A few things can be said for certain: New Amsterdam is the product of three young, earnest, brainy composers – Judd Greenstein, Sarah Kirkland Snider and William Brittelle – who came out of music school and didn’t see the path they wanted to take ahead of them. So, armed with nothing but their native intelligence, open ears and enthusiasm, they decided to forge it. And it is with this overabundance of good will and ideas that the three of them have plowed forward, seeking to draw out, encourage and document all the most fascinating and durable music their colleagues and friends were making. In the process, the label has grown to represent what is fast becoming the core of the New York contemporary classical scene. New Amsterdam became a nonprofit organization in 2008; they share a large percentage of each record sold with the artists.
As such, they occupy a unique space in the indie-label sphere, one that is, it turns out, damnably difficult to put precisely into words. Perhaps Snider says it best: “What I want most out of New Amsterdam is to be a force that helps people achieve their artistic goals in the most satisfying way possible. It’s not that we have answers or means that others don’t, but if we love the music, we get behind it with a passion that I think comes from knowing firsthand how hard it is to make art and how important it is to feel like others get what you’re doing and are willing to throw their full weight behind it.”
eMusic’s Jayson Greene recently sat down with the three founders to get their thoughts on several of their projects, recent and upcoming, including some of their own.
Brittelle: I think [composer] Missy [Mazzoli]‘s work overall is remarkably distinct. She’s one of the few young composers whose music I can identify after only a few bars, regardless of instrumentation. She is incredibly focused and has a truly unique sound. I remember talking to her when she was thinking about starting Victoire. The idea of composers starting “bands” was still a new concept at that time – and by that I mean ensembles designed to play compositions by a specific composer in more typical rock venues. I think she is really courageous, it would’ve been easy for her to continue down the road of commissions, teaching, etc. and she’s chosen to not play it safe and follow her vision – even if that involves driving a “band van” cross-country on a DIY tour.
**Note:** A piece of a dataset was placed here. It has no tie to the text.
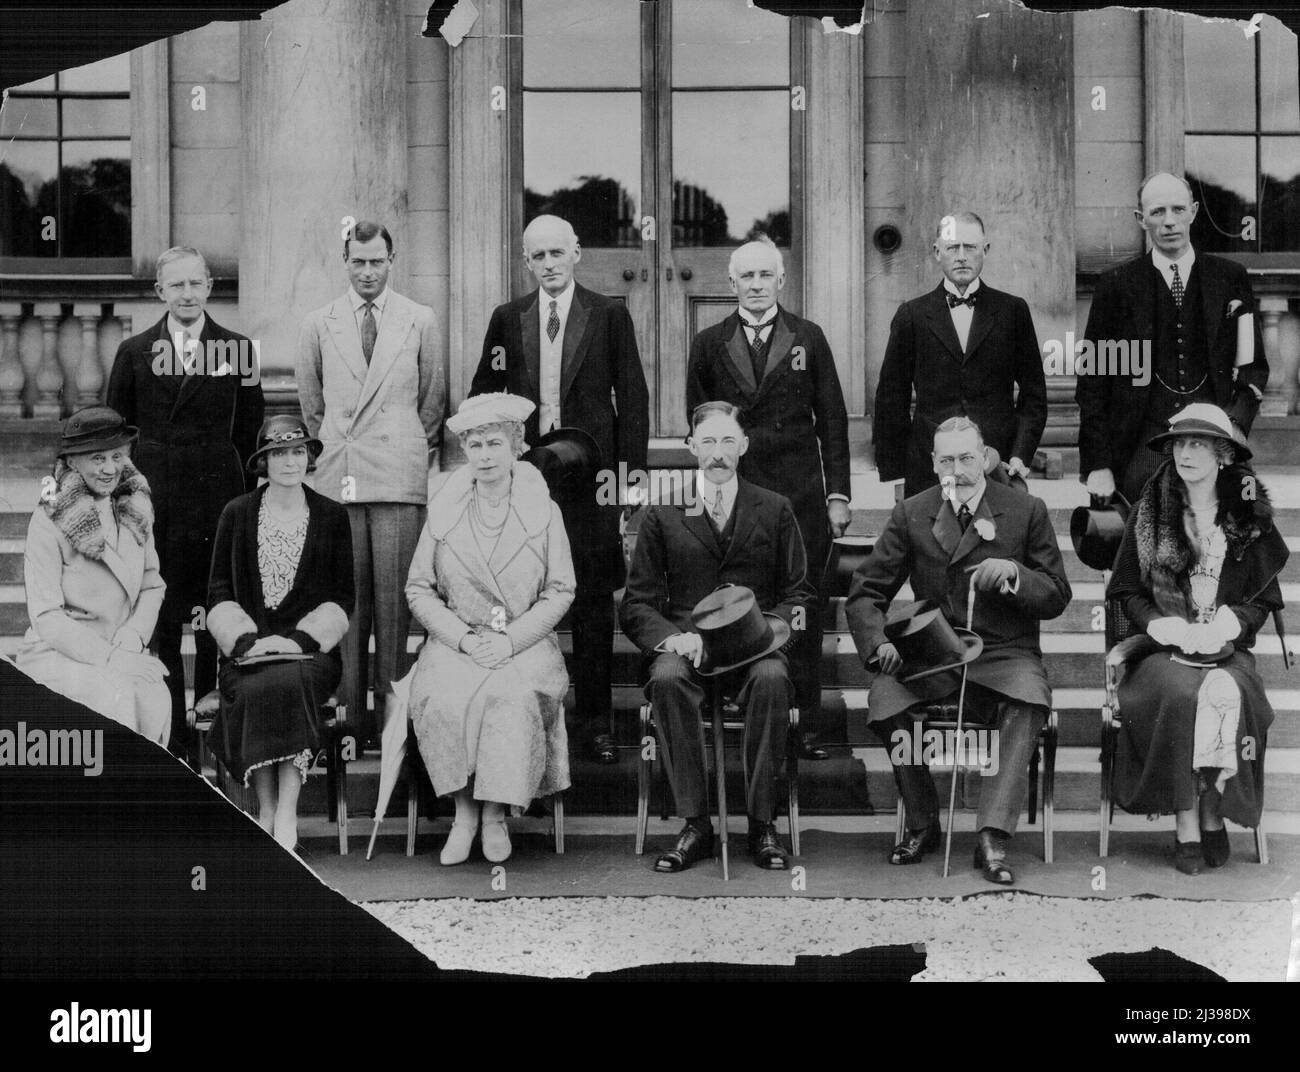 Exclusive Photograph Of Royal House Party At Harewood House, Yorkshire. An exclusive and official photograph taken at Harewood house, during the recent royal visit to Yorkshire. Back Row- left to right - Sir B. Godfrey Faussett, Prince George, Mr. Mitchell (secretary), Sir E. Milton young (Minister in attendance), Sir Guy Graham and Lord Irwin. Front row- left to right- Lady Bertha Dawkins, (Lady-in-waiting), Lady Irwin, H.R.H. Queen Mary, Lord Harewood, H.R.H. King George, and Lady Graham. August 26, 1933. (Photo by Topical Press). Stock Photo

Snider: This album invades my consciousness in a very deep way and won’t leave; I have a rather obsessive mind and it honestly feels like the soundtrack to my thoughts at times, particularly at 3 a.m. when I wake up with it still in my head. There’s something beautiful and creepy about it at the same time, which is a musical combination I absolutely love. I like how Missy’s music inhabits a weird emotional space that’s dark and anxious but not definitively minor-key; there are so many odd notes and clashing chords. I also like that there isn’t a lot of traditional goal-directed motion, but rather this feeling of a pot forever on the boil – yet you’re left feeling like you’ve gone somewhere. That’s a really hard thing to do. I envy it.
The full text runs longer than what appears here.